Он задумался, как долго спал. Но не смог посчитать. Шесть часов? Шесть минут? А может быть, снова шесть месяцев? «Нет! – подумал Он. – Точно нет! Боже, только не это. Это же просто невозможно». Этот разговорчивый чудотворец Маккорник был тут совсем недавно, а Лоренция буквально минуту назад рассказывала Ему о своем острове «рядом с Бразилией»… Это было точно совсем недавно. Или, может быть, давно? Сон и забытье – это небезопасное состояние, а погружение в сон – акт огромного мужества. Мы ложимся спать в абсолютной увернности,

что проснемся через несколько часов, что закончим все незаконченное, что все в нашей жизни начнется, когда мы откроем глаза, с того самого места, где мы были несколько часов назад, когда засыпали, что мир окажется в той же самой точке, где был. А ведь на самом деле никто нам этого не гарантирует. Мы просто в этом уверены. Ставим себе будильники, принимаем душ, чистим зубы или кладем вставную челюсть в стакан, оставляем недописанное наполовину предложение на экране компьютера, а рядом – стакан с недопитым чаем, укладываемся под бочок близкого человека, часто с ним поссорившись, думаем, что надо бы попросить прощения, потому что вдруг до нас доходит, что это мы его обидели, унизили, оскорбили, может быть, даже ранили. Решаем попросить прощения – но только завтра уже, утром. И не просыпаемся среди ночи, чтобы сказать: «Прости меня, пожалуйста». Потому что это ведь всего несколько часов…

И Он тоже так жил и так же прерывал жизнь на минутку, оставлял предложение прерванным на середине – и засыпал много раз без извинений и примирений. Потому что был уверен, что утром проснется. А вот сегодня ночью вдруг понял, что может проснуться гораздо позже следующего утра, а может быть – и совсем в другом мире. Или вообще никогда не проснуться…

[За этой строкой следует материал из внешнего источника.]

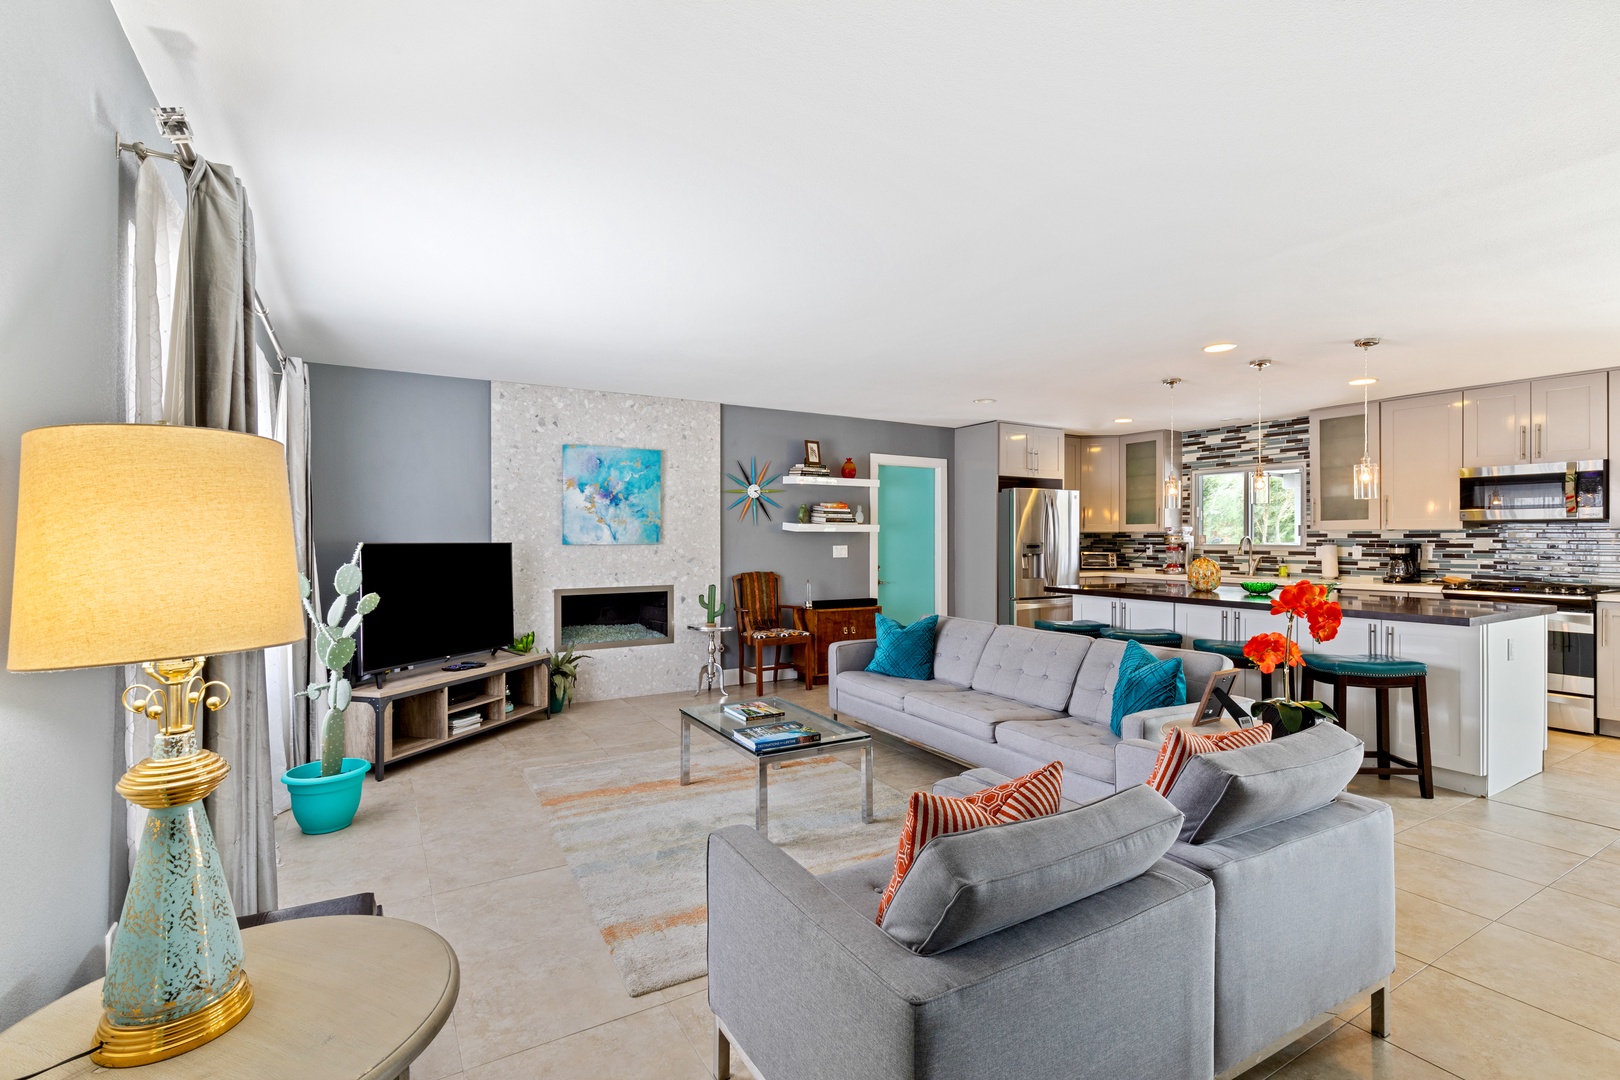 Open living space with ample seating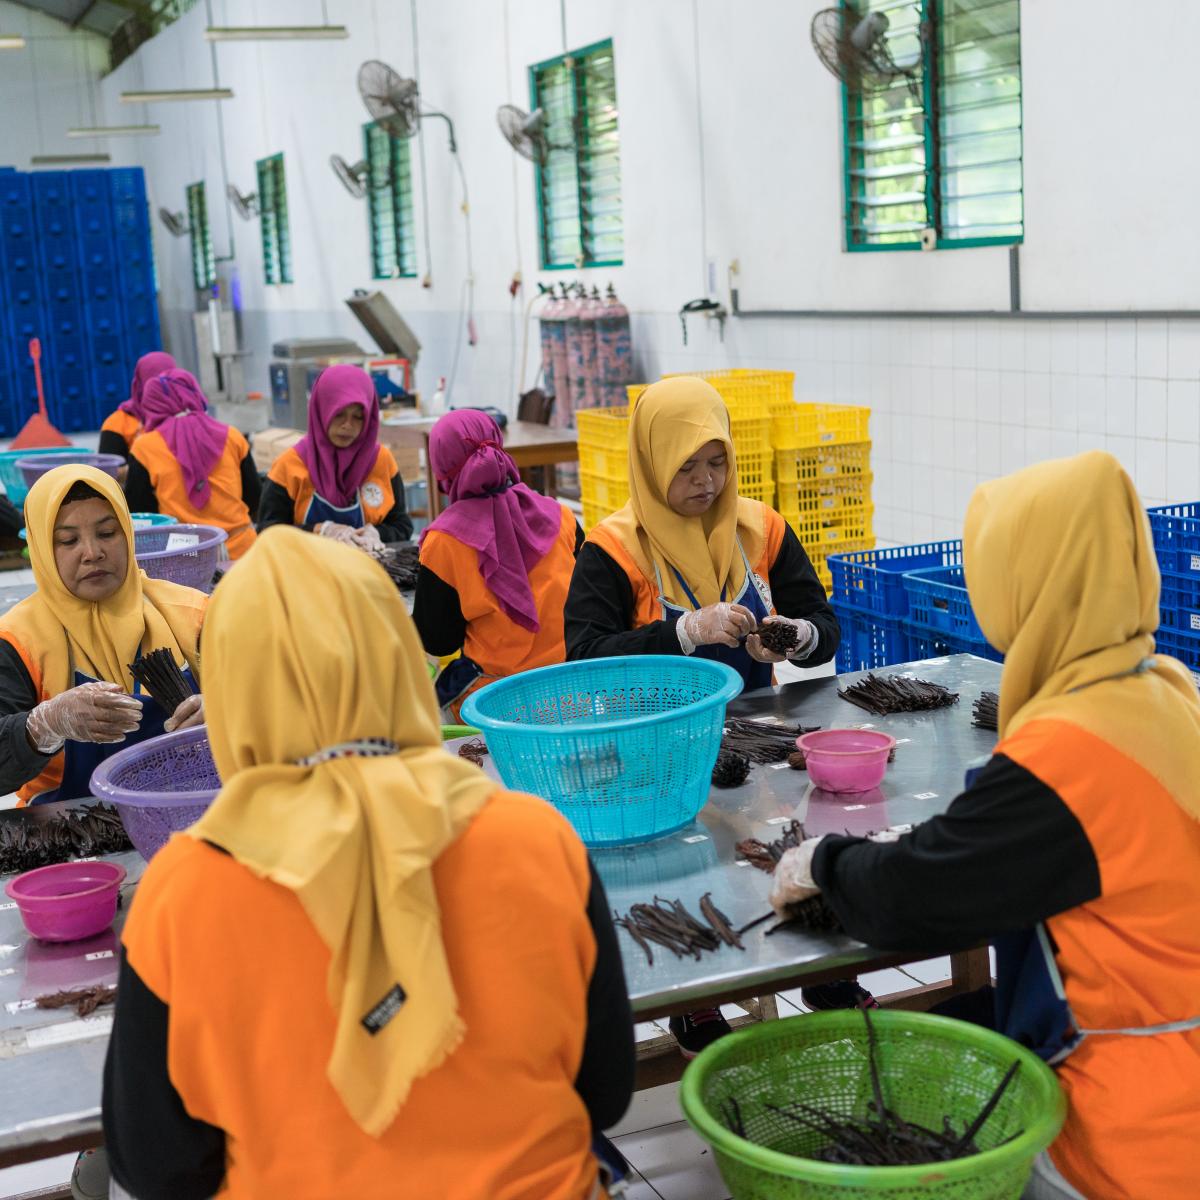 Workers process vanilla beans at the Cooperative Business International (CBI) spice factory in Klaten

Он лежал без движения, всматриваясь в зеленую прерывистую синусоиду на оливковом экране электрокардиографа. Он видел сон! Настоящий сон! И Он его помнил, этот сон. В нем Он бегал, как очумелый, по бесконечному лабиринту коридоров и залов какого-то монструозно огромного аэропорта, не в силах найти нужный Ему выход к самолету, на котором Он должен был куда-то лететь. На серых стенах из обшарпанного и потрескавшегося бетона висели гигантских размеров картины с библейскими мотивами – они были прямо приклеены к стенам, как есть, без рам и напоминали ему сцены с мрачных полотен Караваджо. Он пробегал мимо женщин. Все быстрее и быстрее Он протискивался сквозь растущую толпу женщин. В тюрбанах, в деловых костюмах, медвежьих шкурах, в вечерних платьях, плащах и кожаных ремнях, в монашеских одеяниях и в купальниках, в военной форме всех возможных цветов… как в каком-нибудь сюрреалистическом фильме. Только женщины, исключительно. Морщинистые и древние, как мир – и девственно юные, высокие и низкие, изможденно худые и безобразно толстые… Он не видел в этой толпе ни одного мужчины. Когда Он останавливался и пытался узнать дорогу – все женщины смотрели на него подозрительно и враждебно. Они не отвечали и отворачивались, поспешно убегая от Него. Когда Он, уже доведенный до крайности, резко схватил одну из них за плечо – она тут же замерла и превратилась в камень, а Его рука увязла в этом камне, и Он не мог ее вытащить. Он начал кричать – сначала от злости, а потом и от боли. И вдруг вокруг Него никого не осталось, Он стоял, онемев, посреди огромного опустевшего зала аэропорта с рукой, завязшей в каменном плече замеревшей женщины, отвернувшейся от него. Проснулся Он, когда все-таки вытащил свою руку из каменного плена и стал с ужасом разглядывать культю на месте ладони. При этом Он не чувствовал боли и крови тоже не было ни капли…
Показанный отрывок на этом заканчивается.